Second case is when $m < n$. $U$ is an orthogonal matrix of size $m \times m$; $Diagonal(\Sigma)$ is a diagonal matrix of size $m \times m$ and $V$ is a tall skinny orthogonal matrix of size $n \times m$.
Third case is when $m=n$. $U$ is an orthogonal matrix of size $m \times m$; $Diagonal(\Sigma)$ is a diagonal matrix of size $m \times m$ and $V$ is an orthogonal matrix of size $m \times m$.
Problem 9. Suppose a square $A$ has an LU factorization $A=LU$ where $L$ and $U$ are invertible. If $A=QR$, what is $r_{11}$ in terms of possibly elements of $L$ and $U$?

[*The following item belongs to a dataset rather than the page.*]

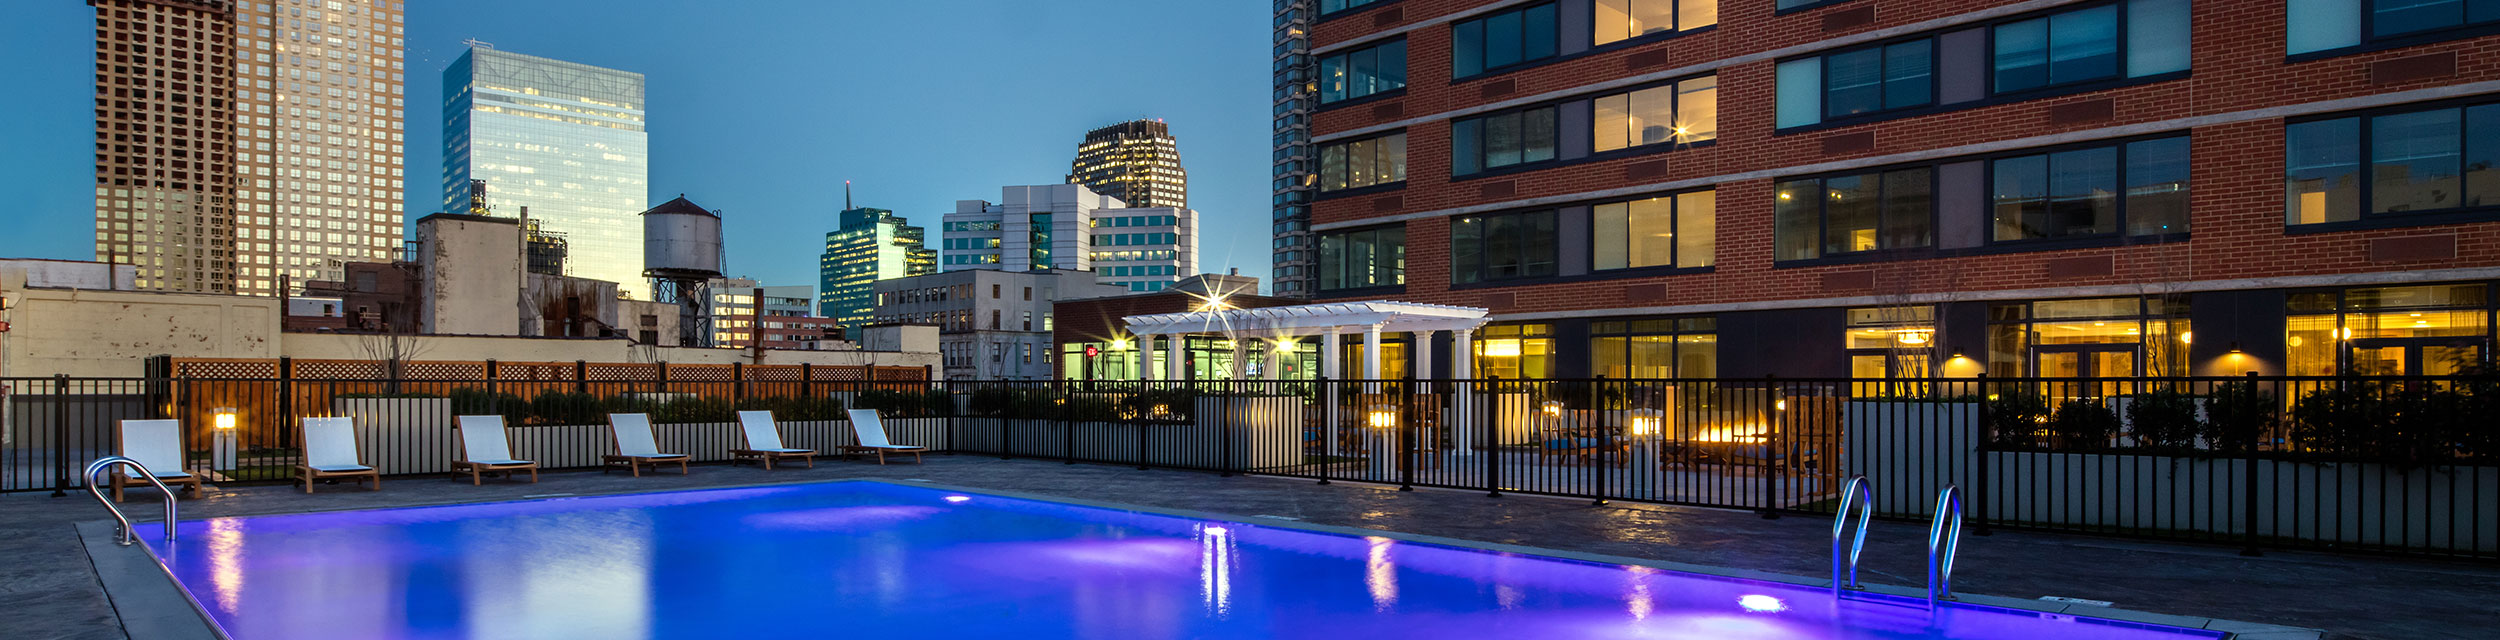 wide angle photo of the pool at The Morgan at Provost Square apartments

Solution 9. $r_{11}=U_{11} \sqrt{\sum_i L_{i1}^2}$. We know that $r_{11}$ is the norm of first column vector of $A$, which is equal to $U_{11}$ times the first column vector of $L$. (technically it could be $\pm$ the above answer)
Problem 10 . Suppose an n x 2 matrix $A$ is written as $QR$, where $Q$ is a tall-skinny orthogonal matrix and is also n x 2 and R = $ \left( \begin{matrix} 1 & 3 \\ 0 & 4 \end{matrix} \right) $
What is the norm of the second column of $A$? Briefly explain?
Solution 10. Its norm is $5$. Since $A^TA=R^TQ^TQR=R^TR$, it is true that the norm of every column of $A$ is the norm of the corresponding column of $R$ and also dot products of columns of $A$ are that of $R$ as well.